'''
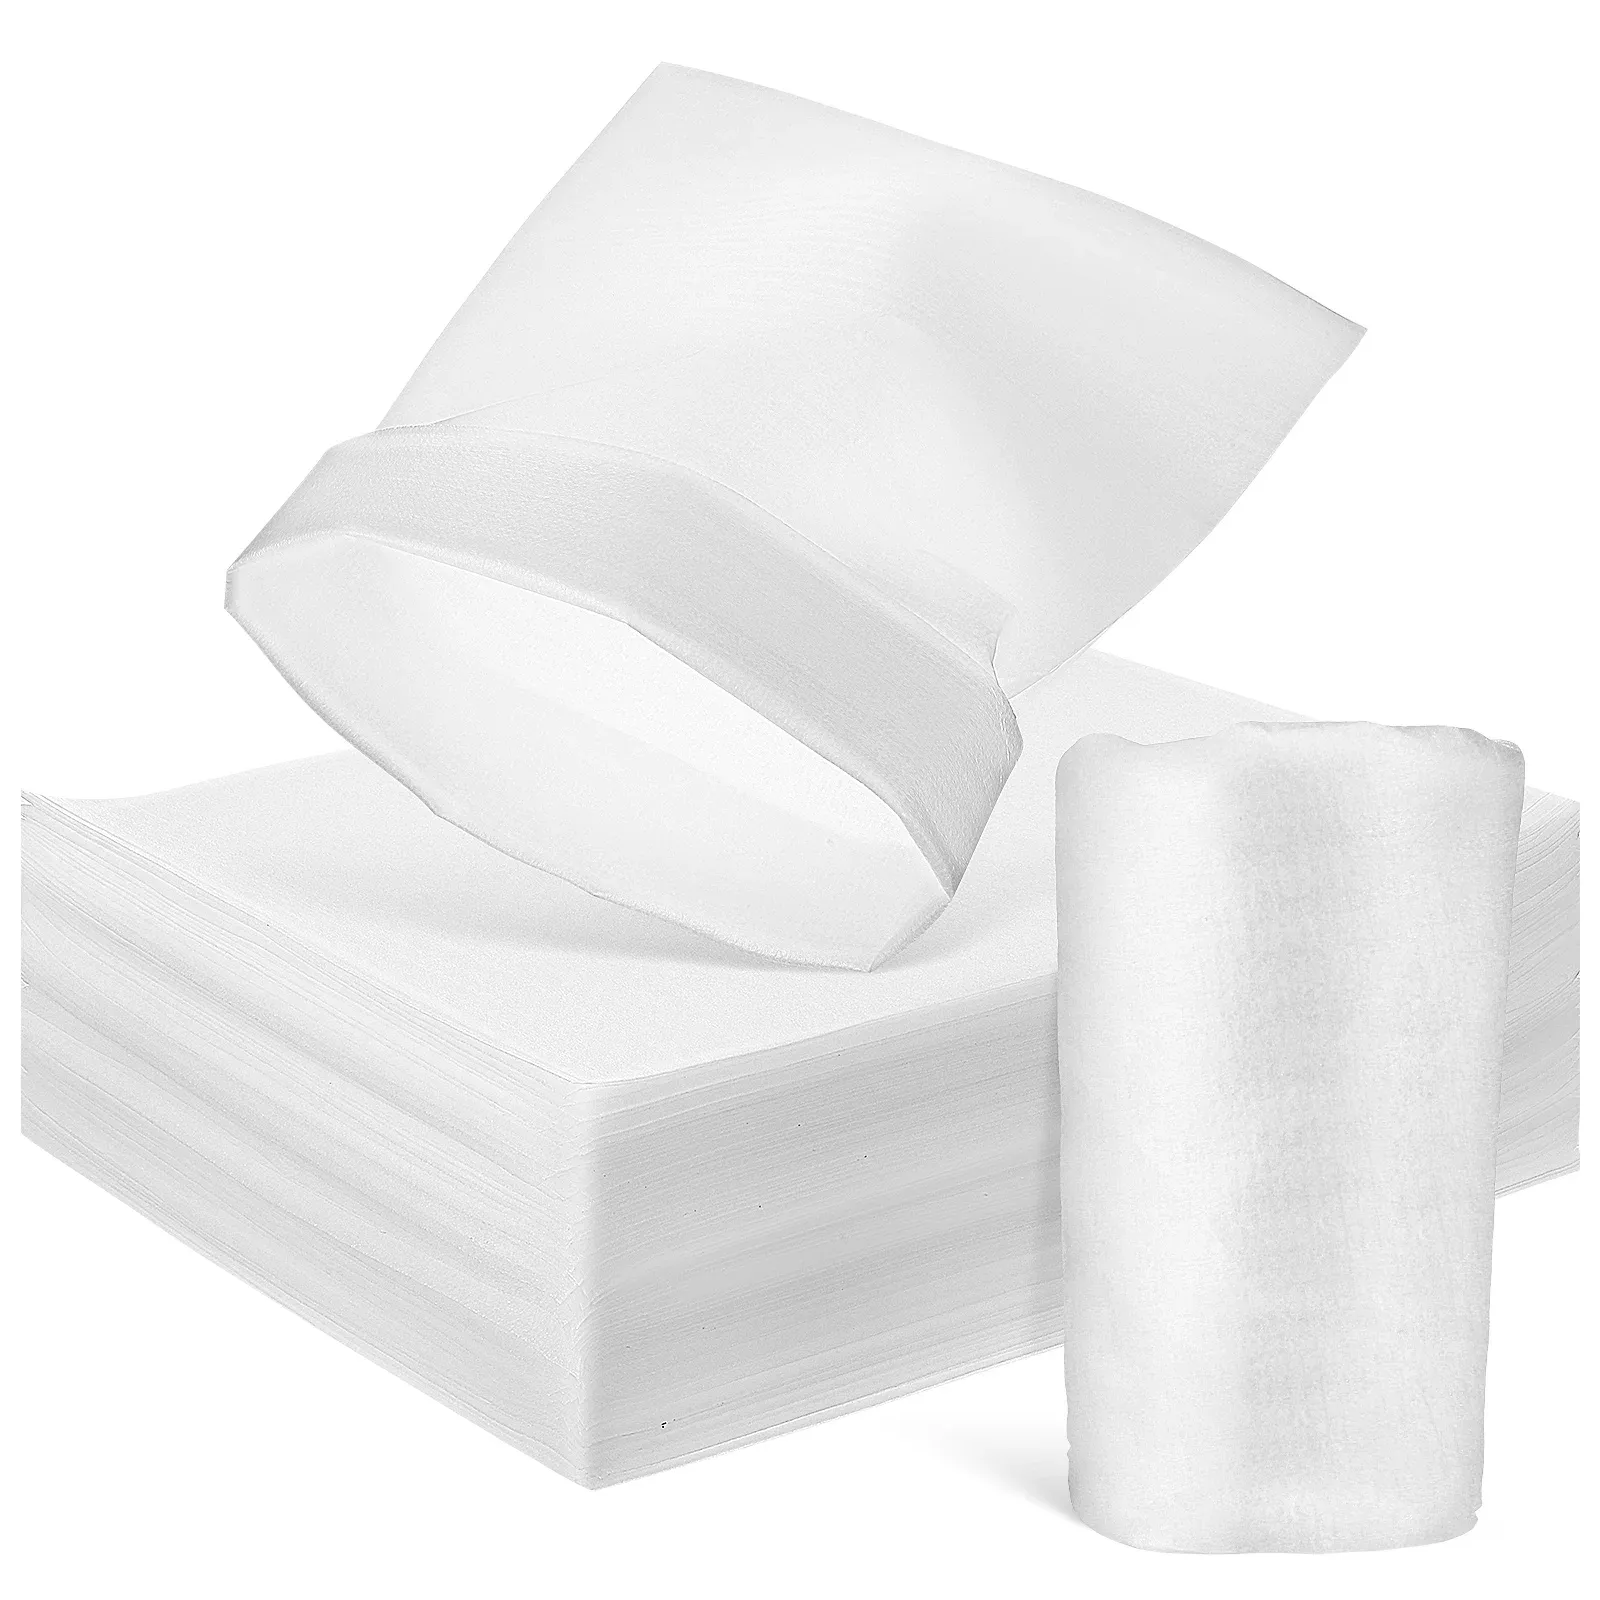 Stacheln 100 Stcs Packing Paper Foam Kissenbeutel für Gläserpolsterungs -Verpackungen Verpackung beweglicher Gerichte
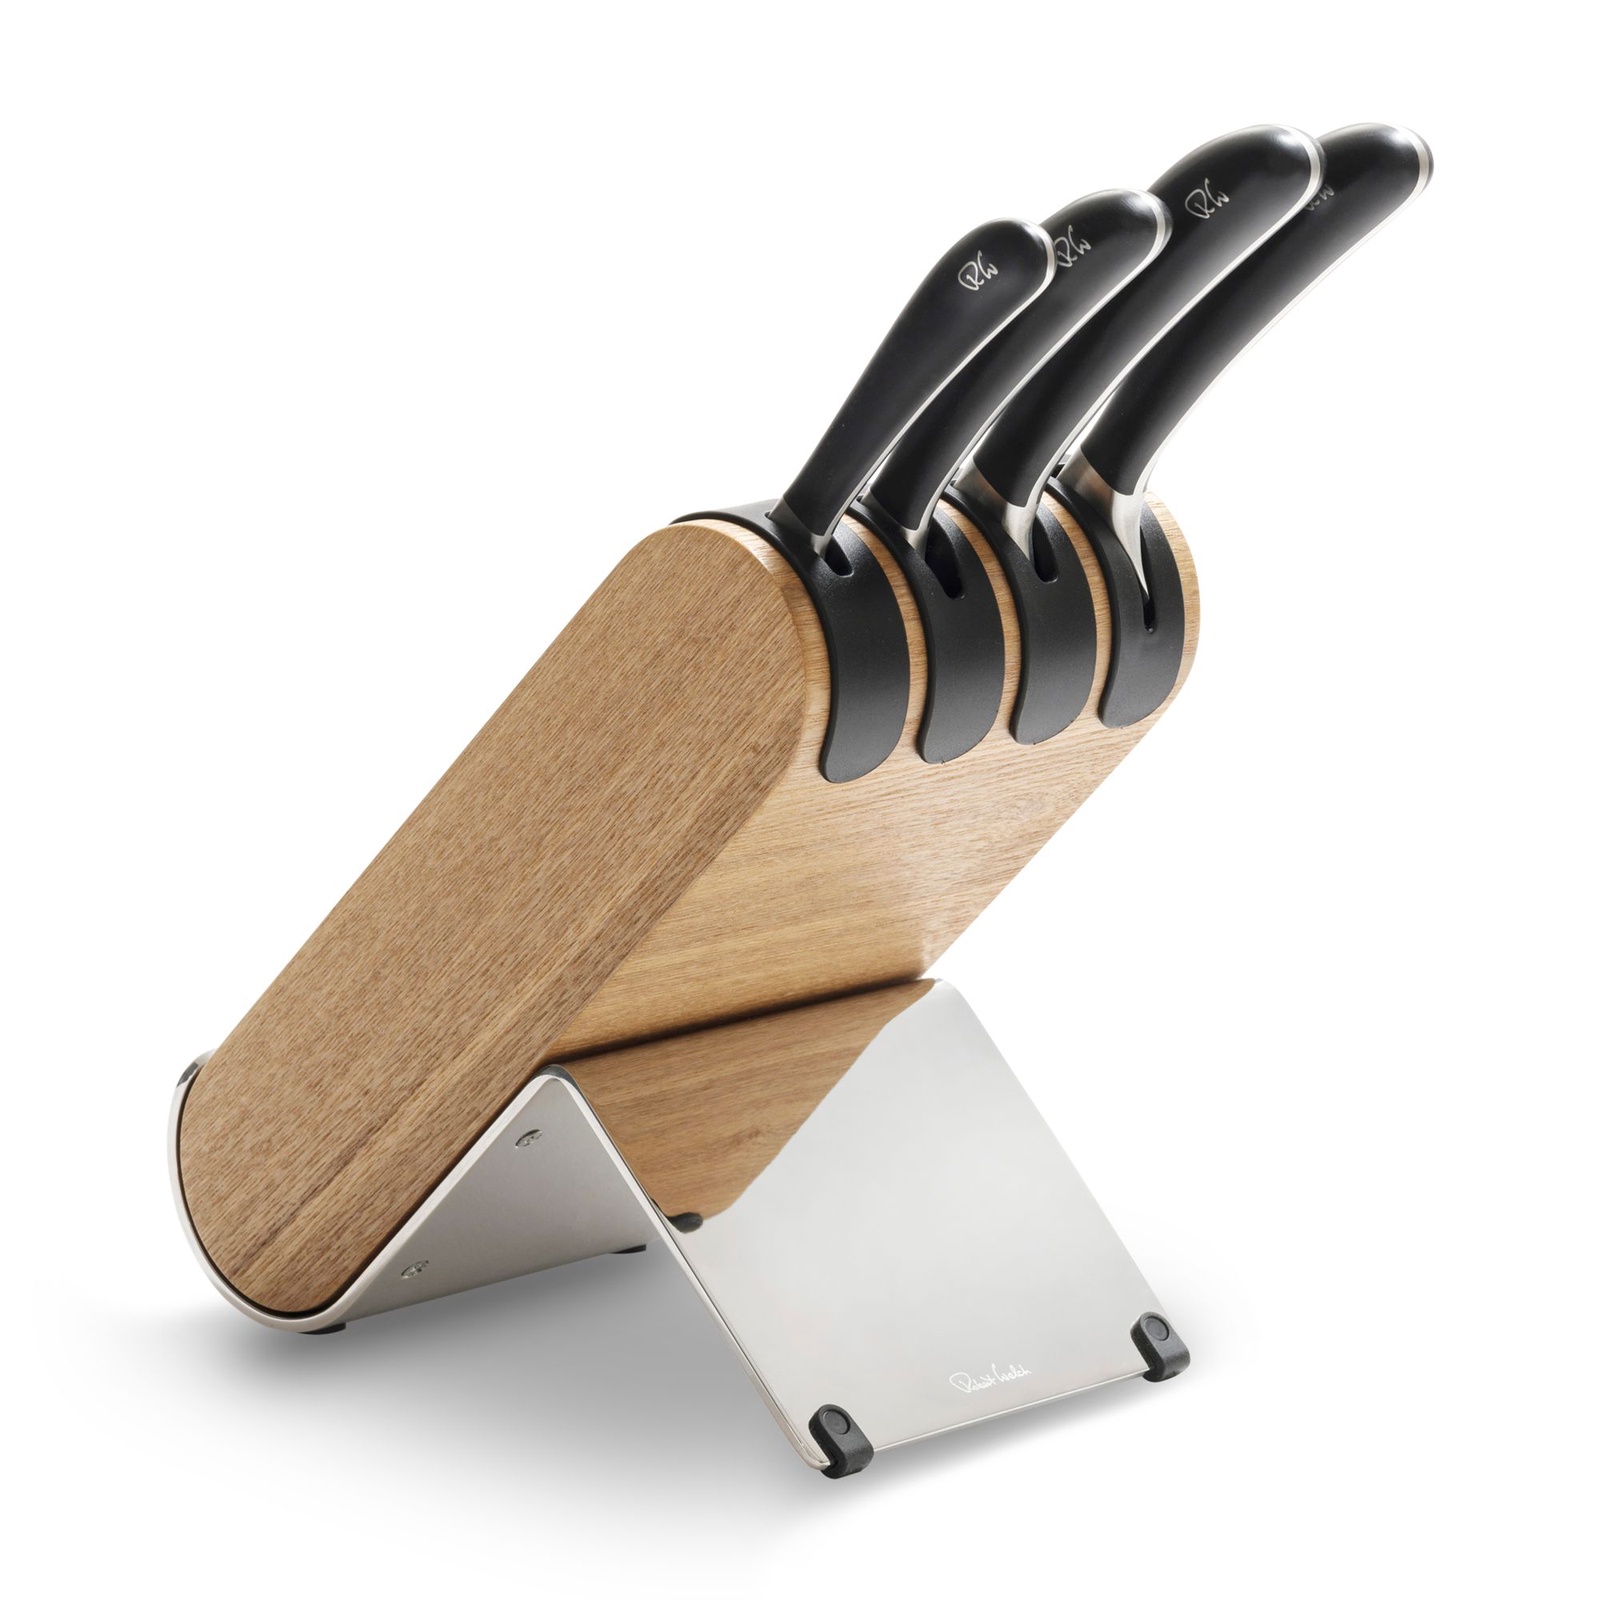 Набор из 4 кухонных ножей в подставке, Signature knife, ROBERT WELCH, Великобритания
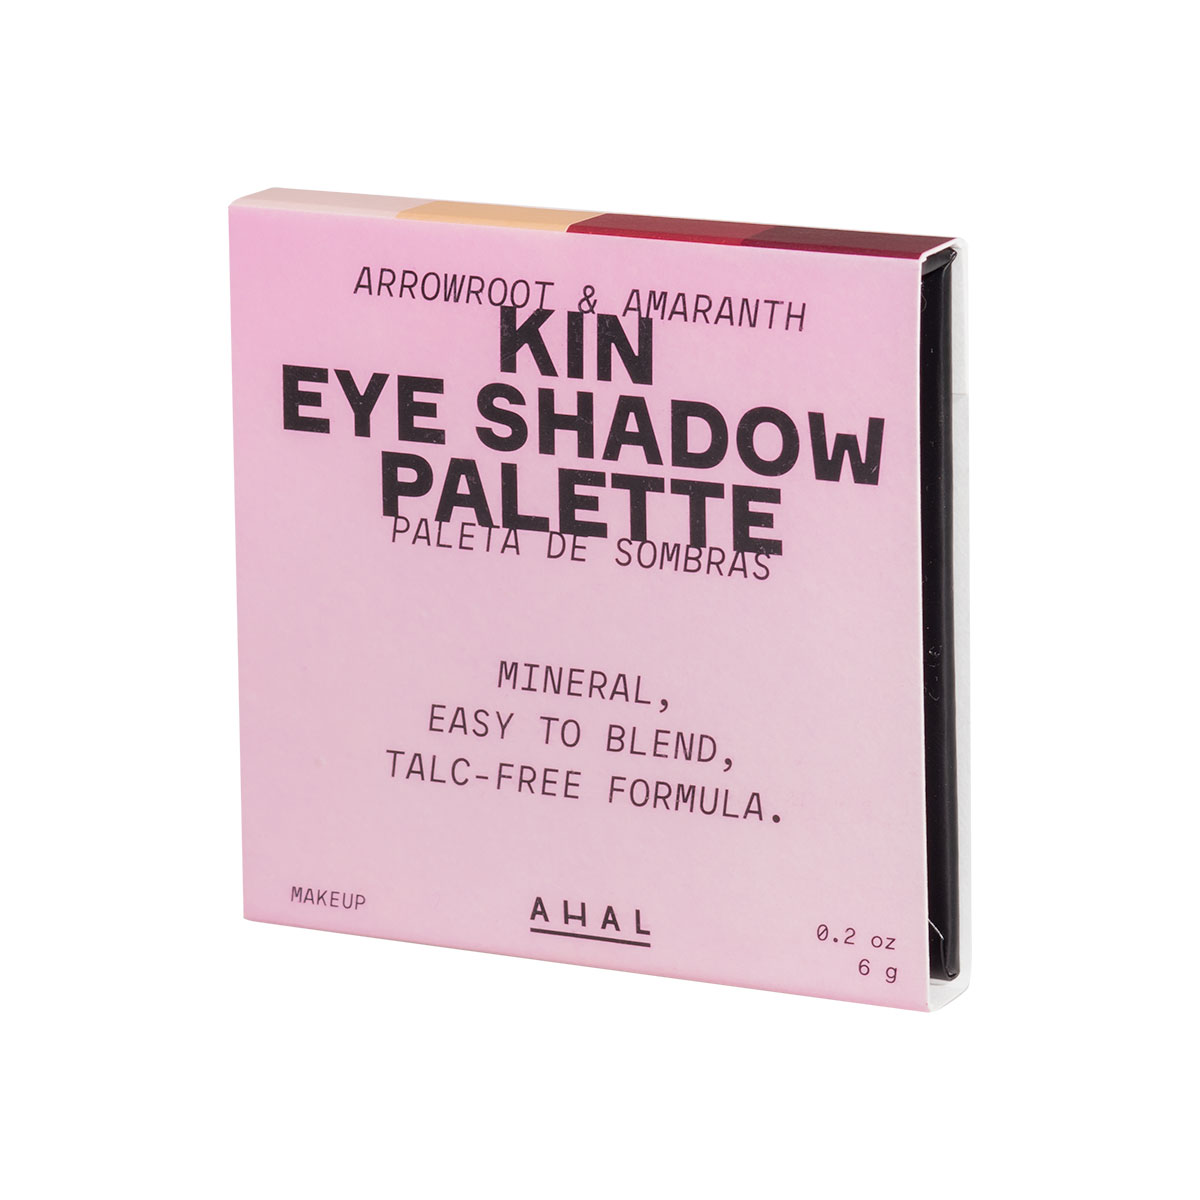 kin eye shadow palette (paleta de sombras kin)
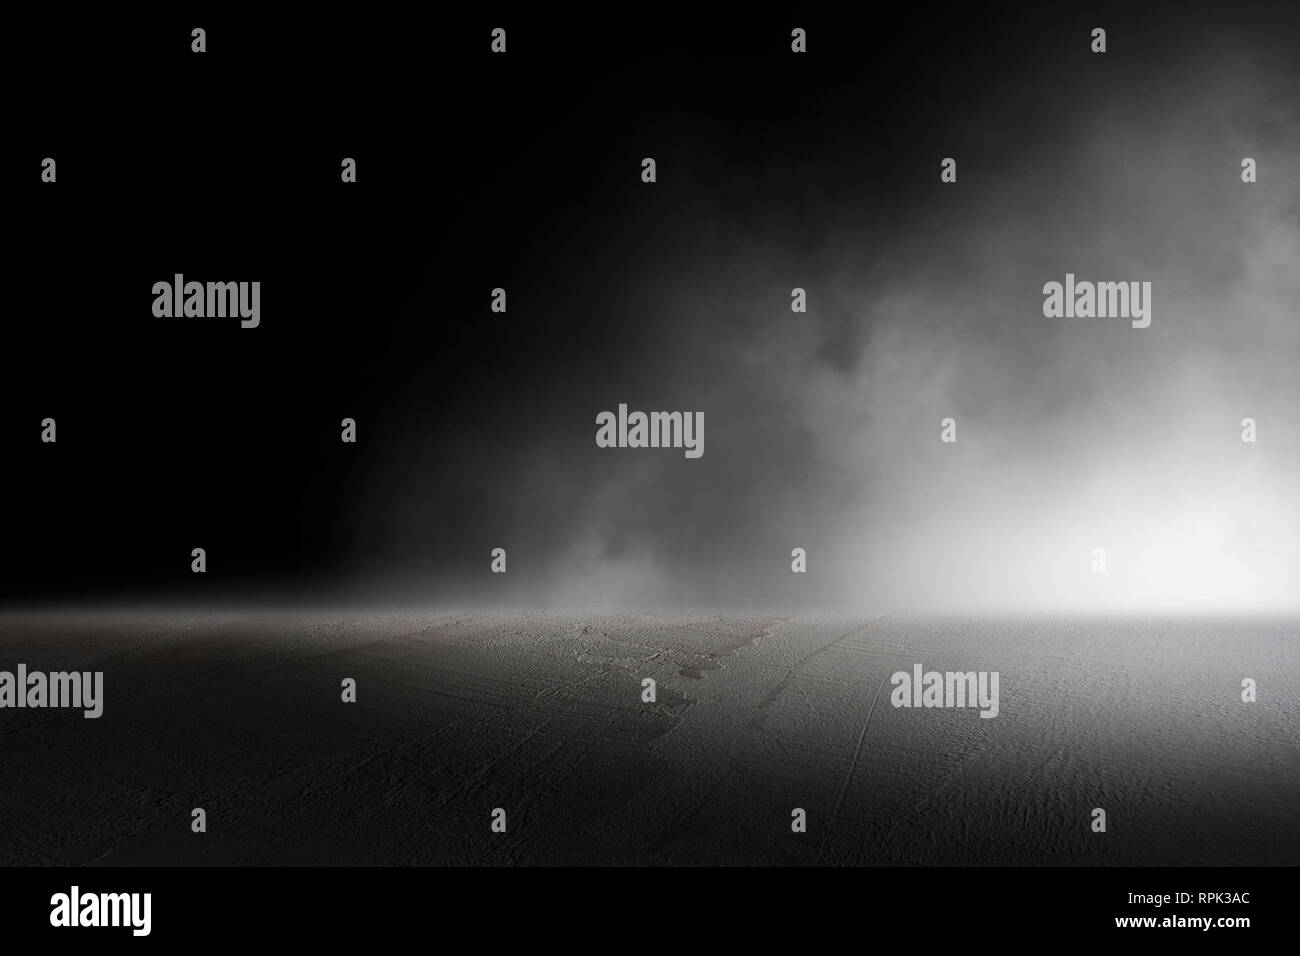 La texture scuro pavimento in calcestruzzo con foschia o nebbia Foto Stock
'''
▸ **Prompt**
Nothing but the lines from the line with "Набор из 4 кухонных" through the end of the listing should appear in the answer, each duplicated exactly, without pictures.

▸ **Result of the task**
 Набор из 4 кухонных ножей в подставке, Signature knife, ROBERT WELCH, Великобритания
 kin eye shadow palette (paleta de sombras kin)
 La texture scuro pavimento in calcestruzzo con foschia o nebbia Foto Stock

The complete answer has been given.